== DATA ==

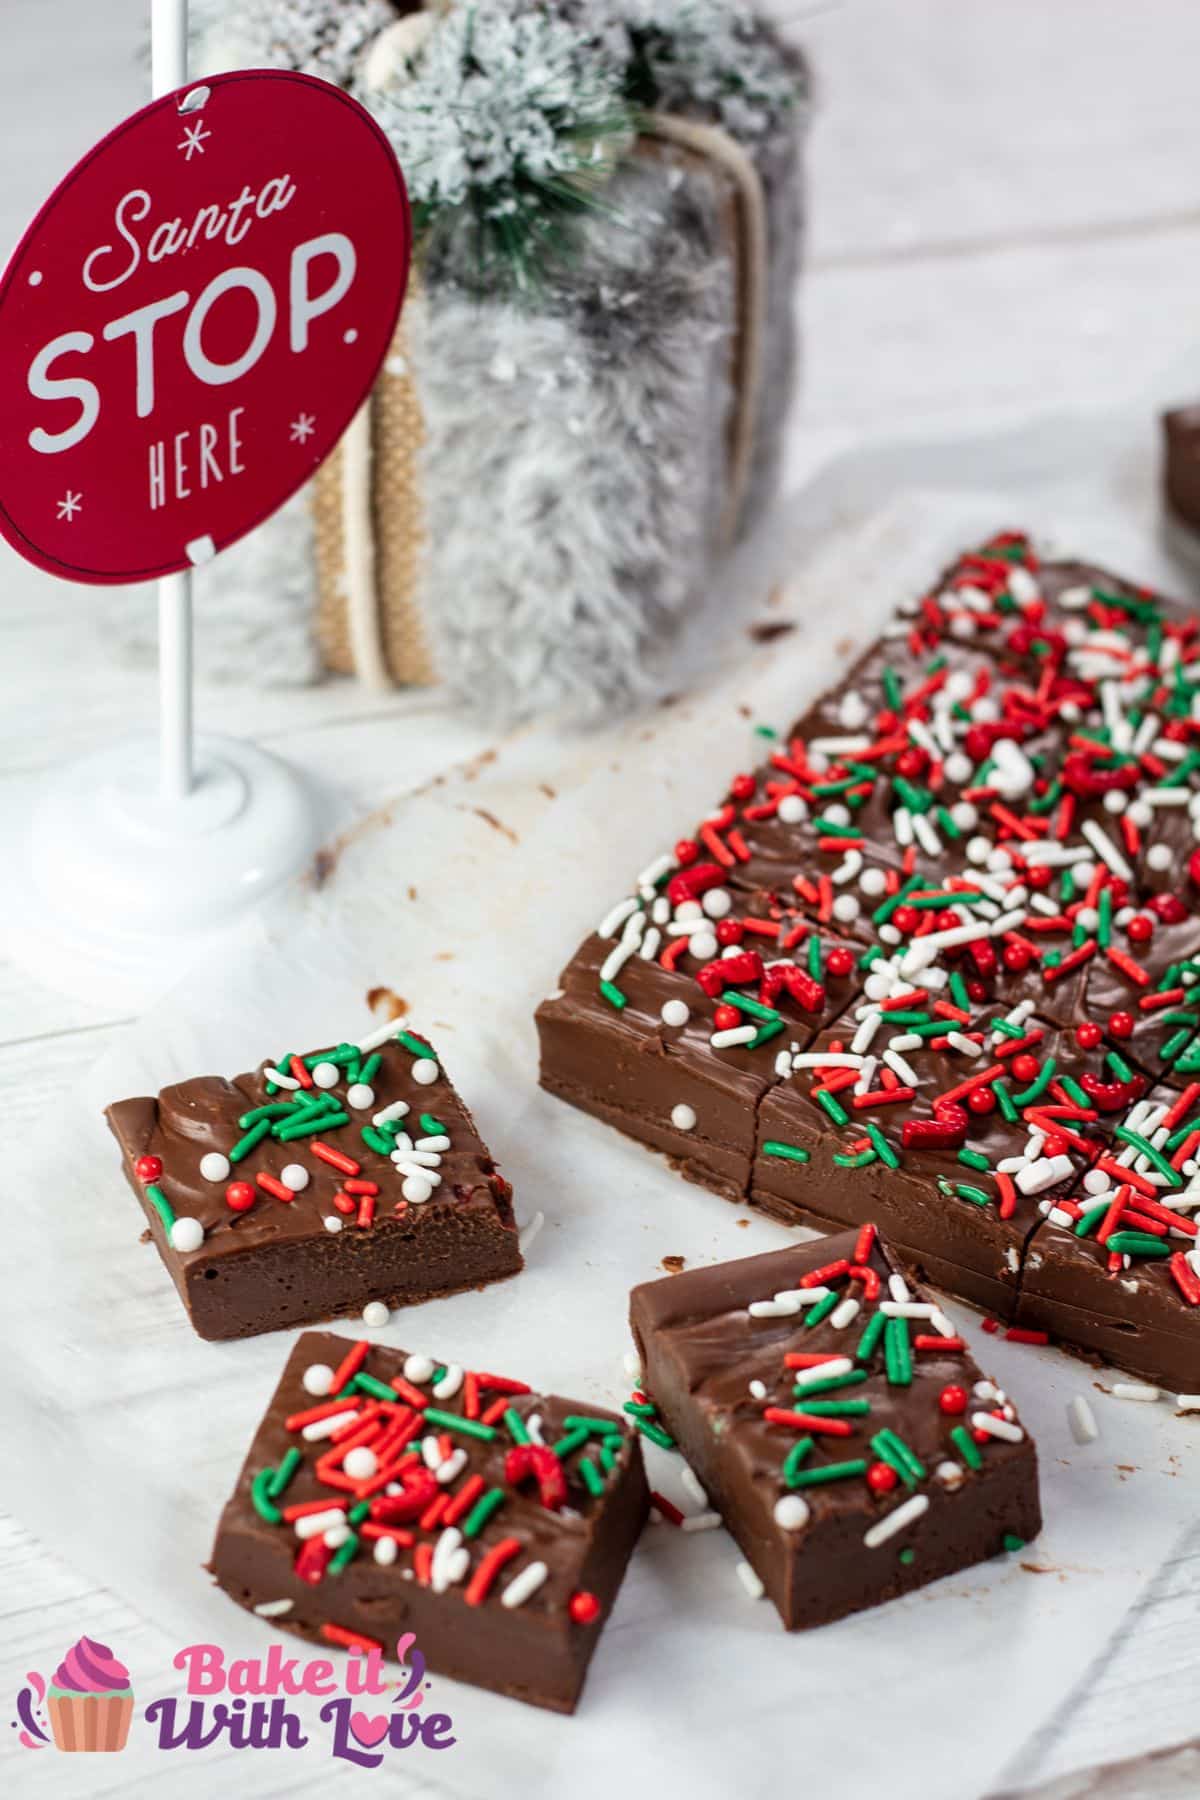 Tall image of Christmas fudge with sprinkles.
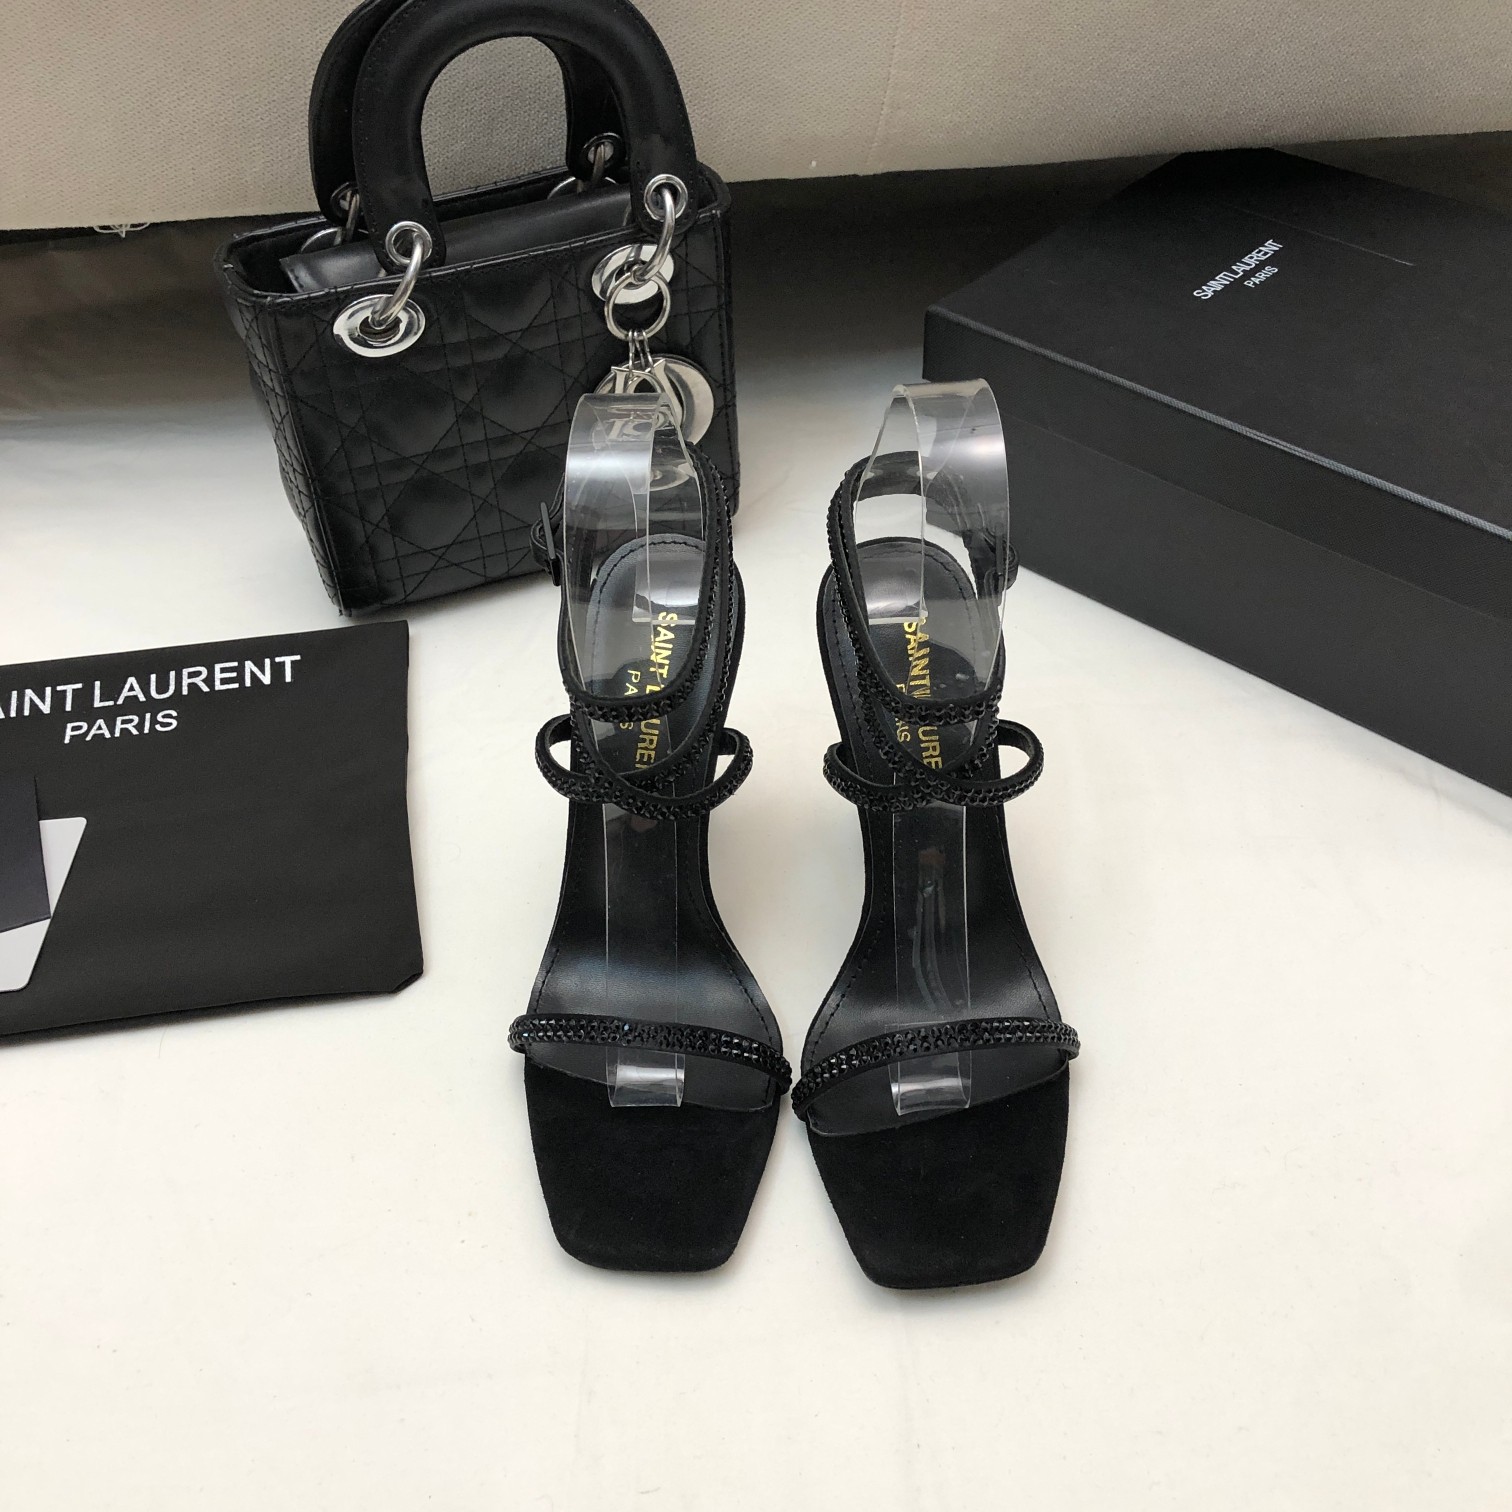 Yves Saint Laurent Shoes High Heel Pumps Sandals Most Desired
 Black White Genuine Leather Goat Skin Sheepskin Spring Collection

===

- **ASSIGNMENT**: Return each of the lines exactly as they appear above, with no images.

- **SOLUTION FOR THIS TASK**:
 Tall image of Christmas fudge with sprinkles.
 Yves Saint Laurent Shoes High Heel Pumps Sandals Most Desired
 Black White Genuine Leather Goat Skin Sheepskin Spring Collection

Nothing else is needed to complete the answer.